How to answer in 30 seconds

“Before-update trigger on Account. Read Trigger.oldMap’s LastModifiedDate and LastModifiedById. If the modifier was the current user AND less than an hour ago, addError(). For a production-grade version, keep a custom Account_Update_Audit__c child object so the rate-limit is per-user-per-record and auditable.”

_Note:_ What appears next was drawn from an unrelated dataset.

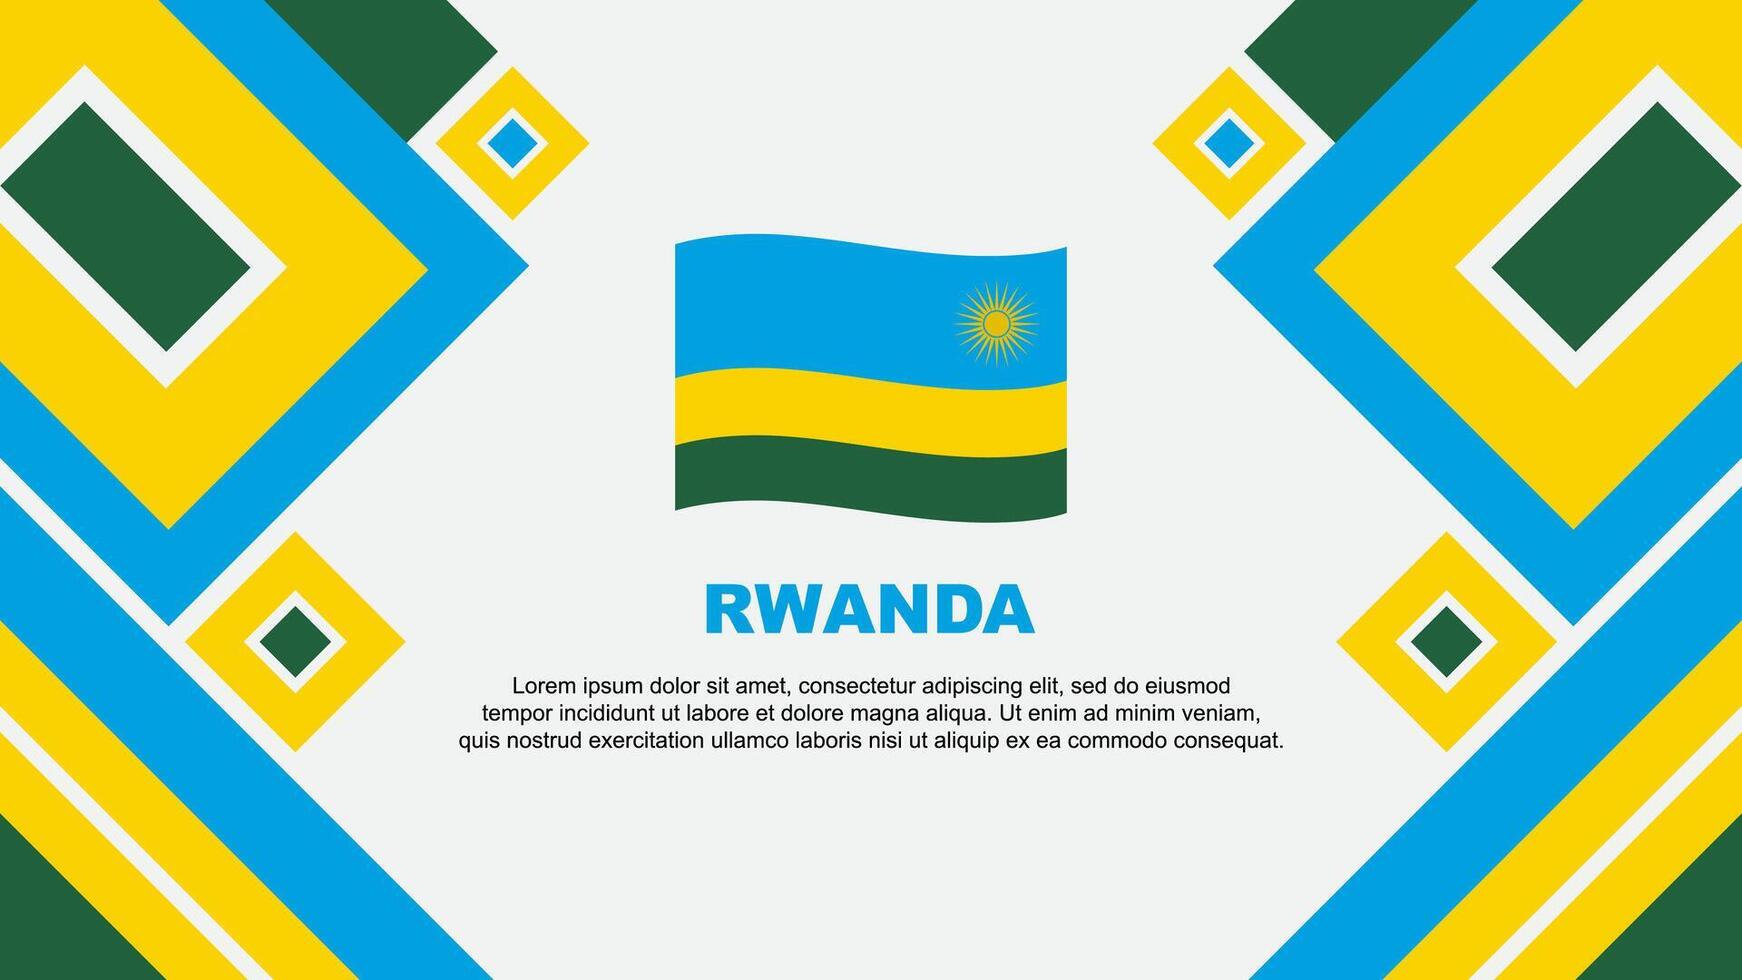 Rwanda Flag Abstract Background Design Template. Rwanda Independence Day Banner Wallpaper Vector Illustration. Rwanda Cartoon
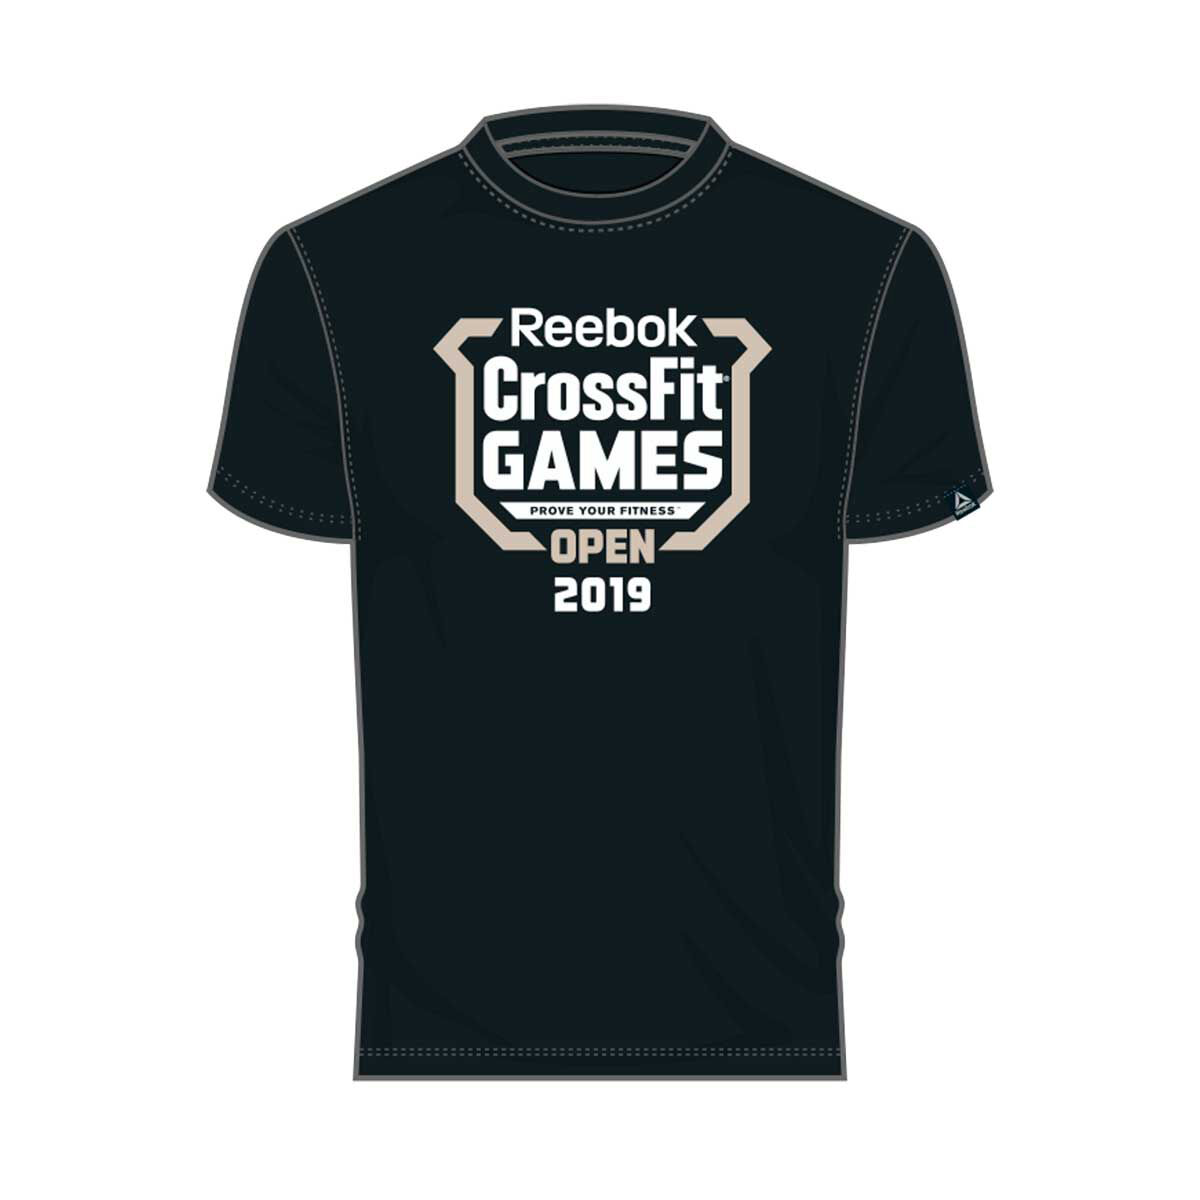 reebok crossfit games 2019 t shirt

How to answer in 2 minutes

Show the basic LastModifiedDate version, then explain its three limitations (any field counts, no per-user accuracy when other users touch the record, no audit trail). Show the custom audit-object version. Mention the edge cases: bypass for integration users, approval-process updates, bulk updates by one user. End with the trade-off: a custom child object adds storage and a SOQL per save — fine for a low-volume object like Account, wasteful for high-throughput objects.

Likely follow-up questions

  • What if multiple users need different limits?
  • How would you bypass this for integration users?
  • What happens if a workflow rule or process builder updates the Account?
  • Could you do this in a Validation Rule instead?
  • How would you handle this in a Flow if there were no Apex?

Verified against: Apex Triggers — addError, UserInfo class, Datetime class. Last reviewed 2026-05-19.